For the sys_enter raw tracepoint, the context argument ctx->args has the following structure:

c
struct bpf_raw_tracepoint_args {
    __u64 args[0];  // args[0] = struct pt_regs * (pointer to register state)
                    // args[1] = long syscall_nr (system call number)
};

Key Points:

  • args[0] stores a pointer of type struct pt_regs *, pointing to the CPU register state
  • args[1] stores the system call number, used to identify which system call it is

System Call Argument Passing Mechanism (x86_64 Architecture)

On x86_64 architecture, system call arguments are passed through CPU registers:

Argument PositionRegisterPT_REGS MacroNotes
1st argumentRDIPT_REGS_PARM1_CORE(regs)
2nd argumentRSIPT_REGS_PARM2_CORE(regs)
3rd argumentRDXPT_REGS_PARM3_CORE(regs)
4th argumentR10PT_REGS_PARM4_CORE(regs)
5th argumentR8PT_REGS_PARM5_CORE(regs)
6th argumentR9PT_REGS_PARM6_CORE(regs)
7th argument-PT_REGS_PARM7_CORE(regs)eBPF supported
8th argument-PT_REGS_PARM8_CORE(regs)eBPF supported

Note: Currently, eBPF supports retrieving up to 8 arguments.

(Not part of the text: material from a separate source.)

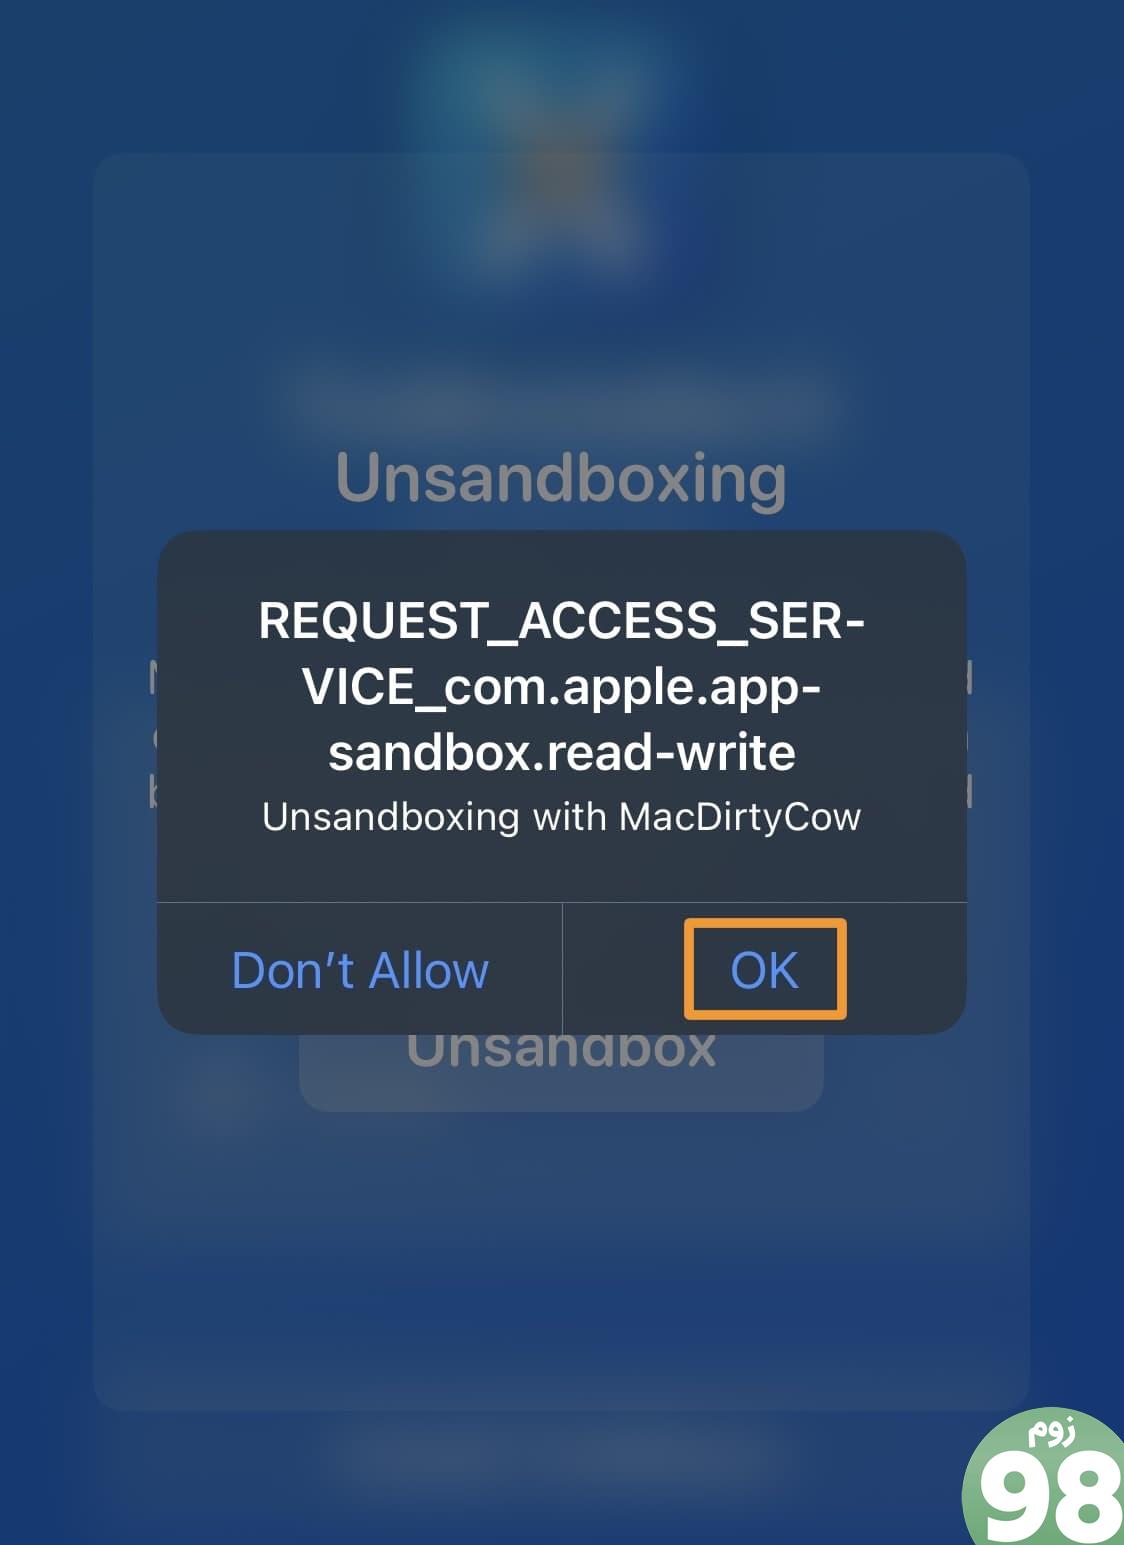 در اعلان unsandboxing روی دکمه OK ضربه بزنید.
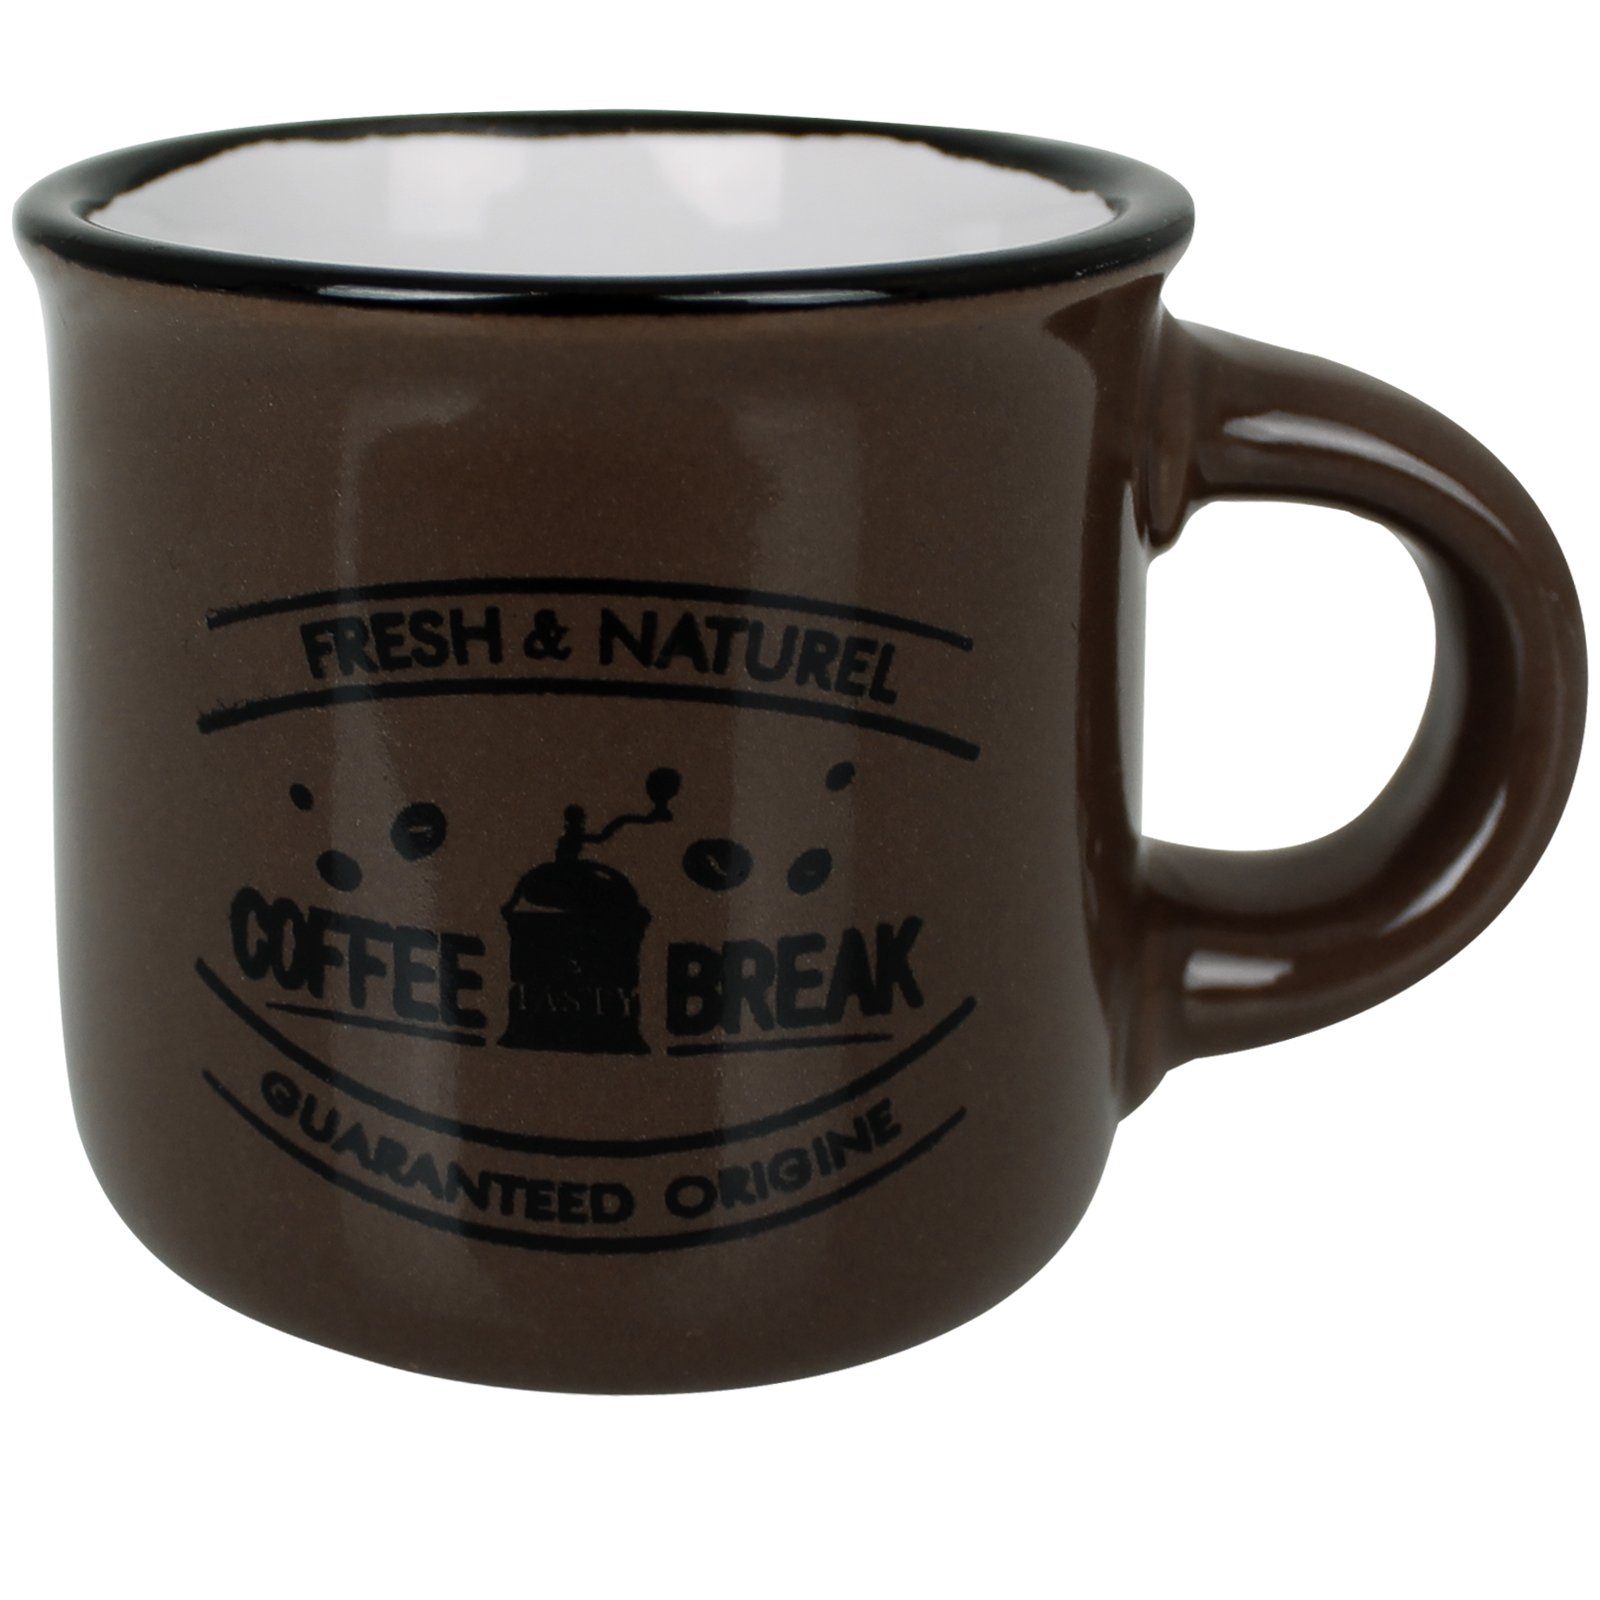 Koopman Tasse Kaffeetassen Bistro 60 ml Tee Kaffee Henkeltassen, Set Set Becher Kaffeegeschirr Tassenset 6er Geschirr Kaffeebecher

Practical Example: unlinkat System Call

The unlinkat system call has the following function prototype:

c
int unlinkat(int dfd, const char *pathname, int flag);
//           arg1            arg2              arg3

How to retrieve the pathname argument?

  • pathname is the 2nd argument
  • On x86_64 architecture, the 2nd argument is stored in the RSI register
  • Therefore, use the PT_REGS_PARM2_CORE(regs) macro to read it

2. Code Example: Monitoring unlinkat System Call

Complete eBPF Kernel Program

File: raw_tracepoint.bpf.c

c
#include "vmlinux.h"
#include <bpf/bpf_helpers.h>
#include <bpf/bpf_tracing.h>
#include <bpf/bpf_core_read.h>

char LICENSE[] SEC("license") = "Dual BSD/GPL";

// unlinkat system call number (x86_64 architecture)
#define __NR_unlinkat 263

// Define a raw_tracepoint to monitor all system call entry events
SEC("raw_tp/sys_enter")
int raw_trace_sys_enter(struct bpf_raw_tracepoint_args *ctx)
{
    // Step 1: Get the system call number
    long syscall_nr = ctx->args[1];

    // Step 2: Filter - only process unlinkat system calls
    // Q: What is the system call number for unlinkat?
    // A: 263 (x86_64 architecture)
    if (syscall_nr != __NR_unlinkat) {
        return 0;  // Not unlinkat, return immediately
    }

    // Step 3: Get process information
    u32 pid = bpf_get_current_pid_tgid() >> 32;  // Get PID
    char comm[32] = {0};
    bpf_get_current_comm(comm, sizeof(comm));    // Get process name

    // Step 4: Read system call arguments from raw tracepoint parameters
    // unlinkat function prototype: int unlinkat(int dfd, const char *pathname, int flag)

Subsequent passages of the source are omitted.